Yoshua Bengio 옹께서 Large Language Model이 System 2 cognition을 하기 위해 현재 LLM의 한계 및 앞으로 나아갈 방향에 대해 논의합니다.

Hello Dolly: Democratizing the magic of ChatGPT with open models
Blog: https://www.databricks.com/blog/2023/03/24/hello-dolly-democratizing-magic-chatgpt-open-models.html

DataBricks 연구팀에서 GPT-J 6B 모델을 기반으로 작은 fine-tuning dataset에 Instruction find-tuning을 실행했을 때 무려 30분만에(!) ChatGPT와 유사하게 instruction에 대해 응답하도록 유도할 수 있었습니다. GPT-J 6B는 공개되고 2년이 지난 모델이라는 것을 감안한다면 Instruction에 대해 답변하는 것은 거대 모델의 역량도 중요하지만 fine-tuning 과정 또한 매우 중요하다는 것을 보여줍니다.

Software:
RAFT: Reusable Accelerated Functions and Tools

GitHub: https://github.com/rapidsai/raft
Docs: https://docs.rapids.ai/api/raft/stable
Blog: https://developer.nvidia.com/blog/reusable-computational-patterns-for-machine-learning-and-data-analytics-with-rapids-raft

NVIDIA에서 데이터 사이언스 및 머신러닝을 위한 primitves 라이브러리를 공개했습니다.
딥러닝이 지난 10년 동안 급부상했지만 여전히 추천시스템 및 tabular data에서 고전적 clustering 등 머신러닝 알고리즘을 사용하는 경우가 많은데 NVIDIA에서 low-level optimized 라이브러리를 제공해주어 GPU 가속화를 편리하게 사용할 수 있습니다. 특히, RAFT는 기존 cuML에 비해 low-level composability가 높기 대문에 새로운 clustering algorithm 등을 개발할 때 더 편리할 것으로 생각됩니다.

Research:
When and Why Vision-Language Models Behave like Bags-Of-Words, and What to Do About It?
OpenReview: https://openreview.net/forum?id=KRLUvxh8uaX
GitHub: https://github.com/mertyg/vision-language-models-are-bows
Blog: https://towardsdatascience.com/your-vision-language-model-might-be-a-bag-of-words-30b1beaef7f8

조~금 오래되었지만 ICLR2023 Oral Session 선정 논문이어서 공유합니다.
해당 연구에서는 기존CLIP과 같은 Vision Language Model (VLM)은 단어의 순서에 영향을 받지 않는 Bag-of-Words 모델과 유사한 행동을 보이며 이런 문제를 해결하기 위해 어순의 영향을 받는 hard negative case mining을 적용할 경우 문장의 의미를 이해하도록 학습할 수 있음을 보여줍니다.

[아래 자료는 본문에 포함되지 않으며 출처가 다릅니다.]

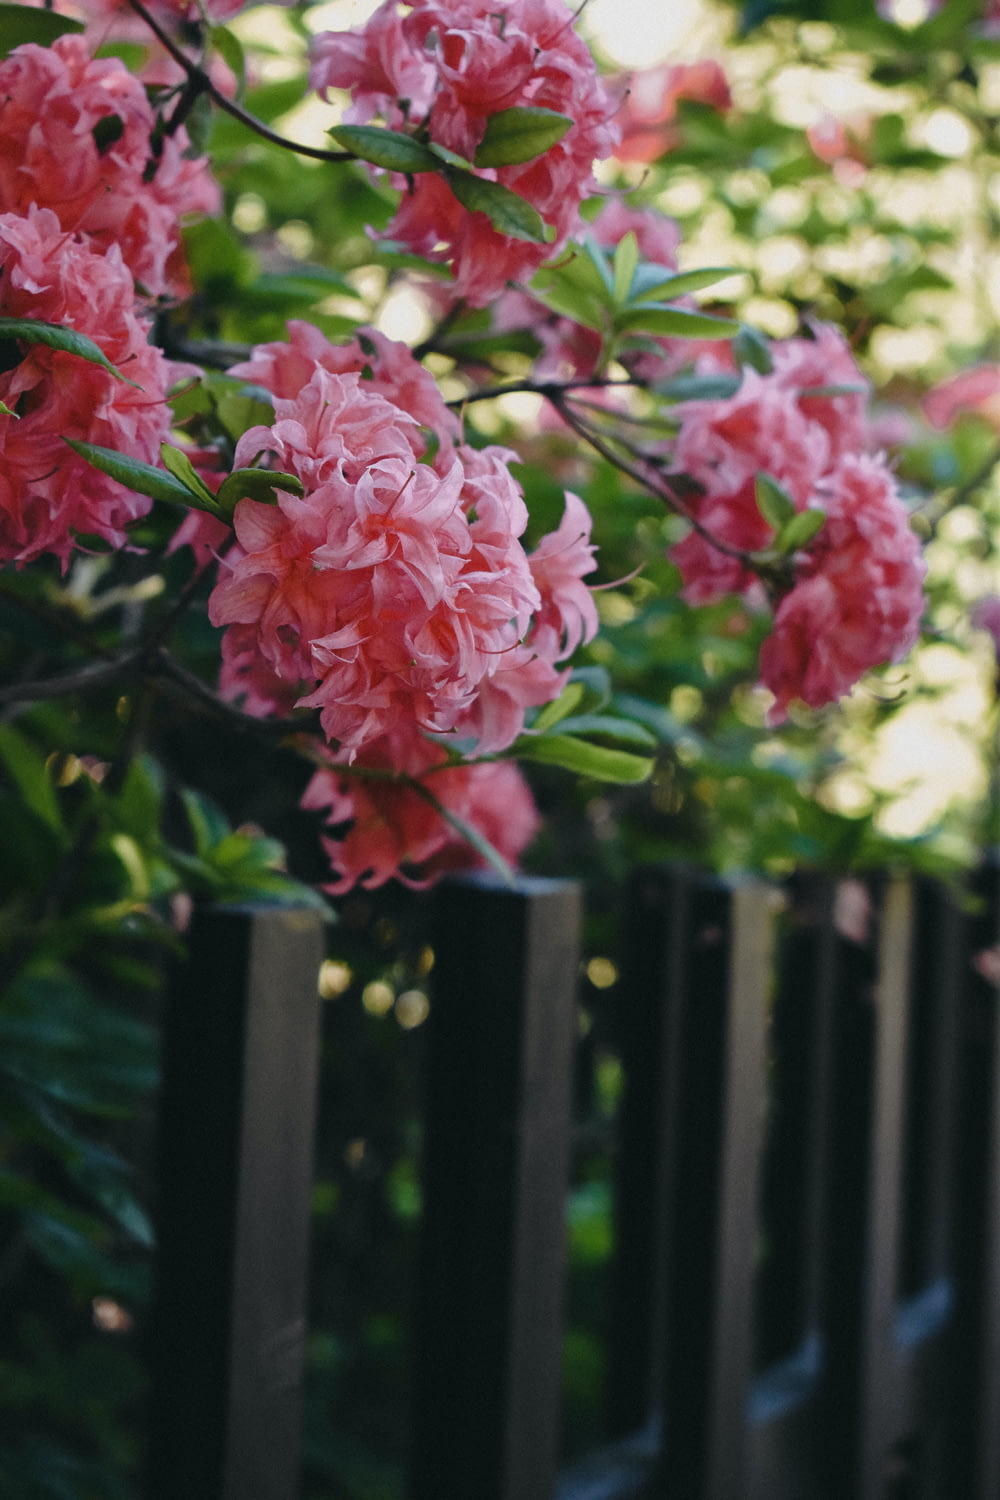 Des fleurs roses poussent sur une clôture noire

Erasing Concepts from Diffusion Models
ArXiv: https://arxiv.org/abs/2303.07345
GitHub: https://github.com/rohitgandikota/erasing

MIT David Bau 교수님 연구실에서 나온 최근 연구입니다.
최근 Text-to-Image diffusion 모델에서 바람직하지 않은 출력물을 생성할 수 있는 문제가 대두되고 있는데 모델 weight 자체에서 원치 않는 개념을 제거할 방법을 제시합니다.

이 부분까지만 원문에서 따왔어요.